§ **Task**: The data below should be retyped exactly, with the pictures left out.

§ **Data**:
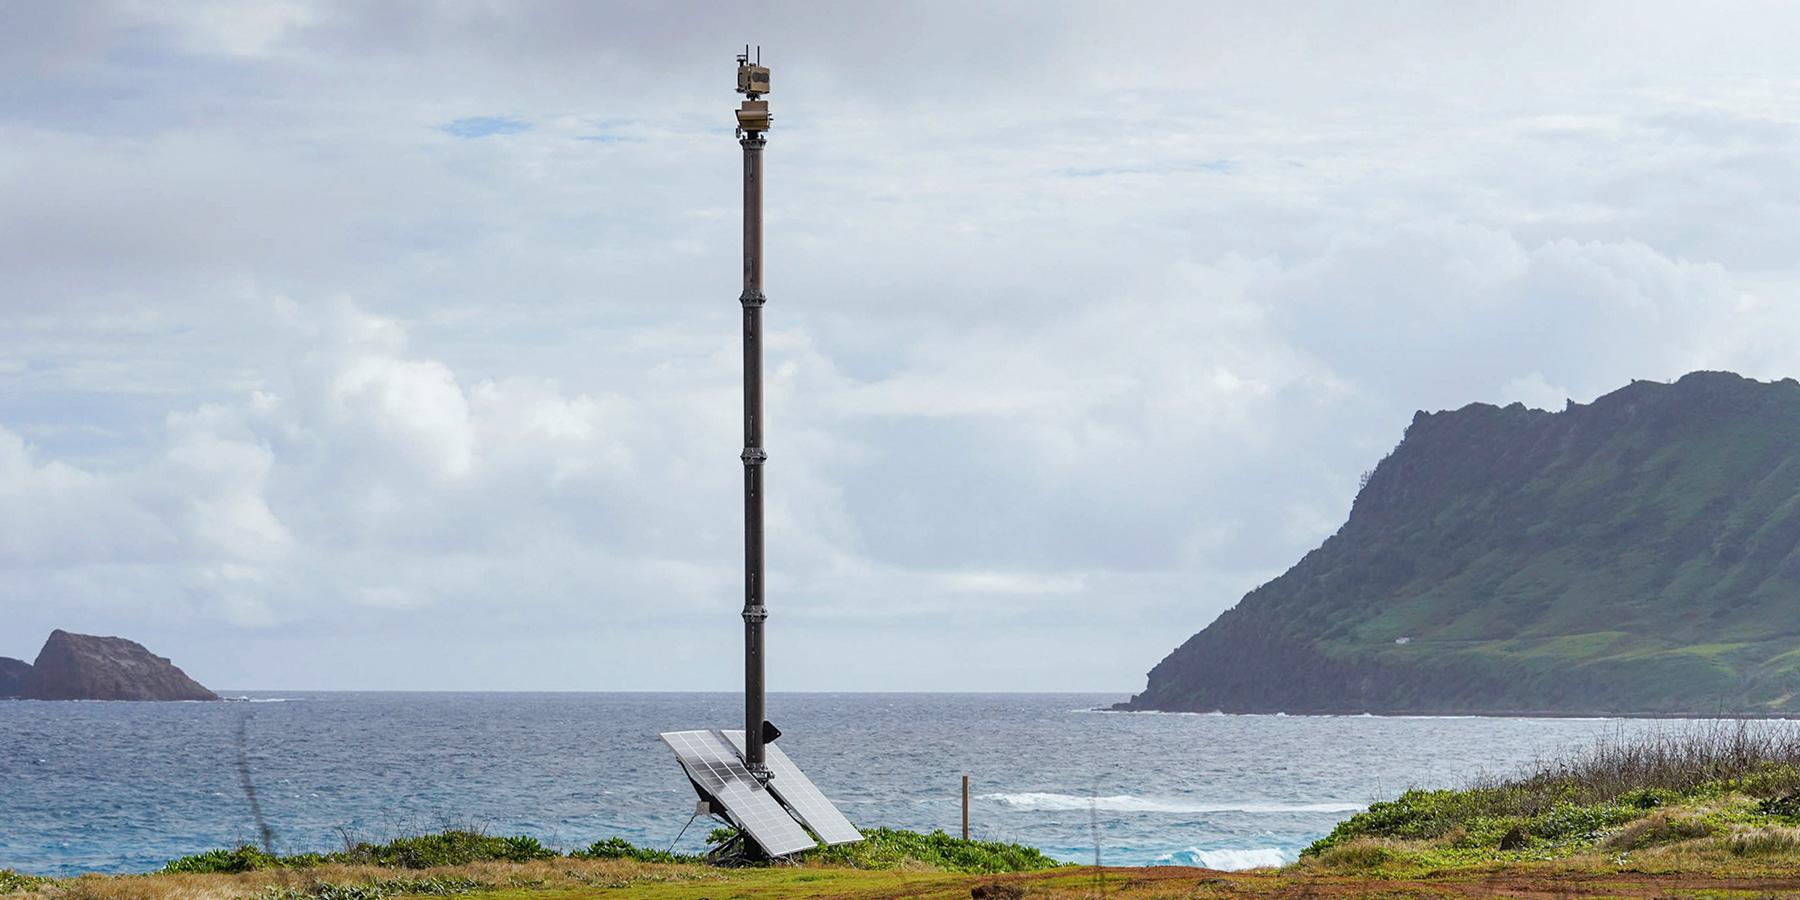 Sentry Tower
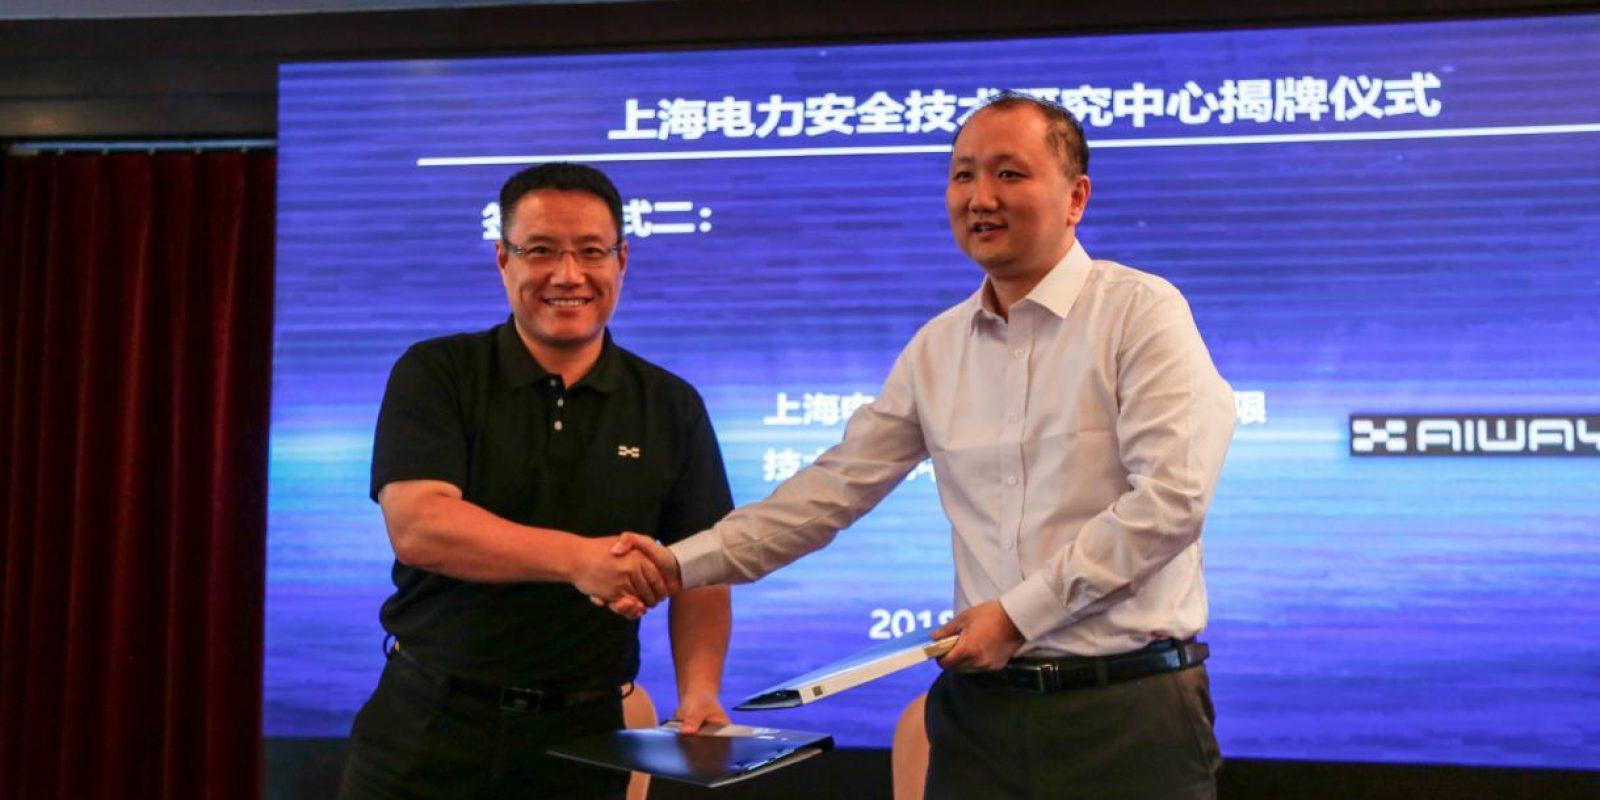 上海电力安全技术研究中心与爱驰汽车有限公司签署合作协议
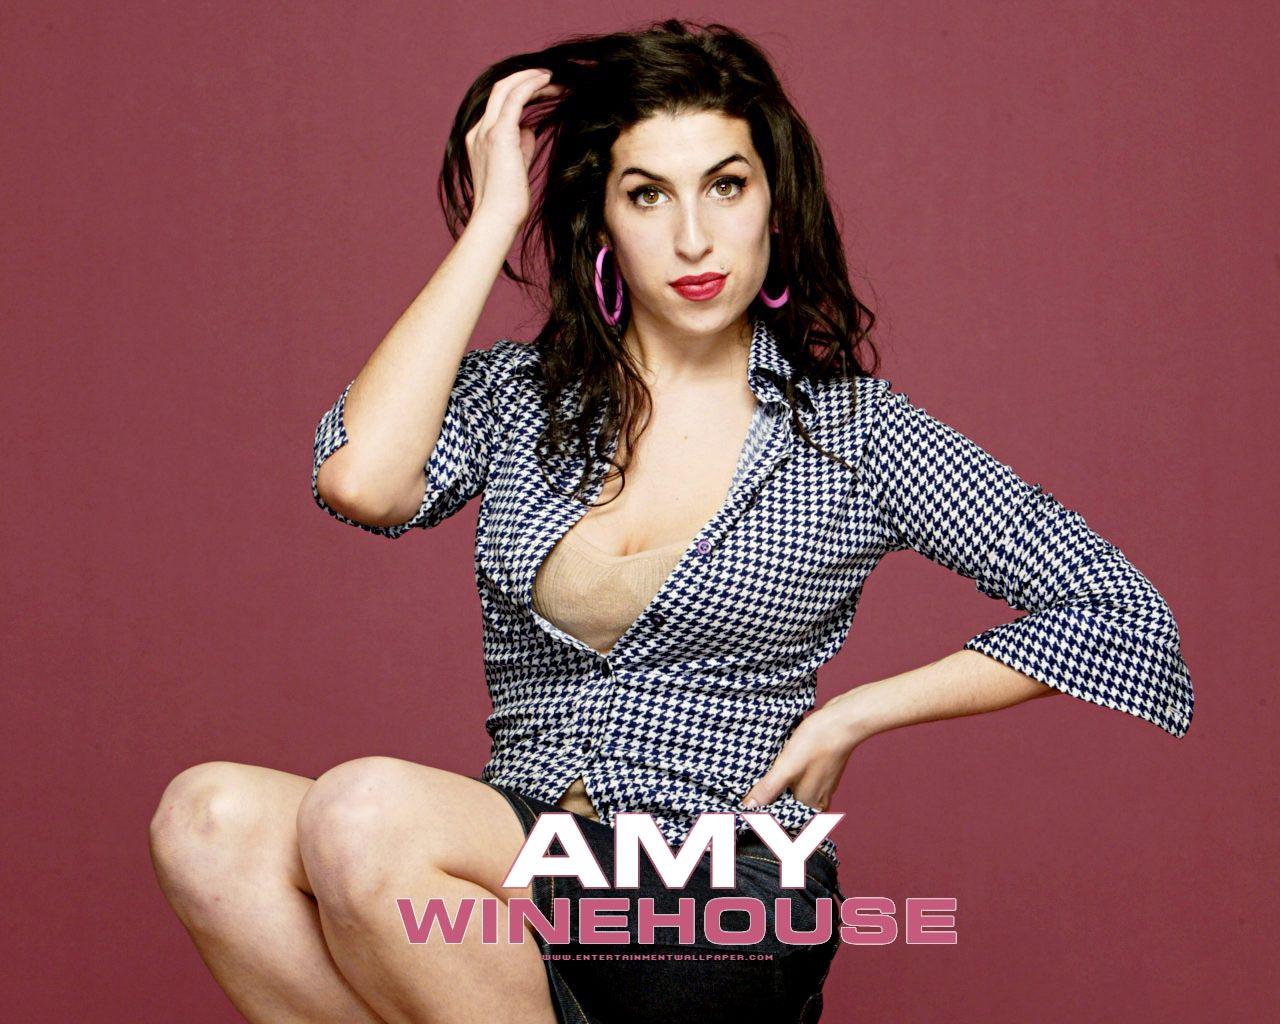 http://4.bp.blogspot.com/-MLP1MEdYAKs/TizZQLsc1II/AAAAAAAADSk/s3OaqU7pxcM/s1600/Amy+Winehouse.jpg

§ **Answer to the problem**:
 Sentry Tower
 上海电力安全技术研究中心与爱驰汽车有限公司签署合作协议
 http://4.bp.blogspot.com/-MLP1MEdYAKs/TizZQLsc1II/AAAAAAAADSk/s3OaqU7pxcM/s1600/Amy+Winehouse.jpg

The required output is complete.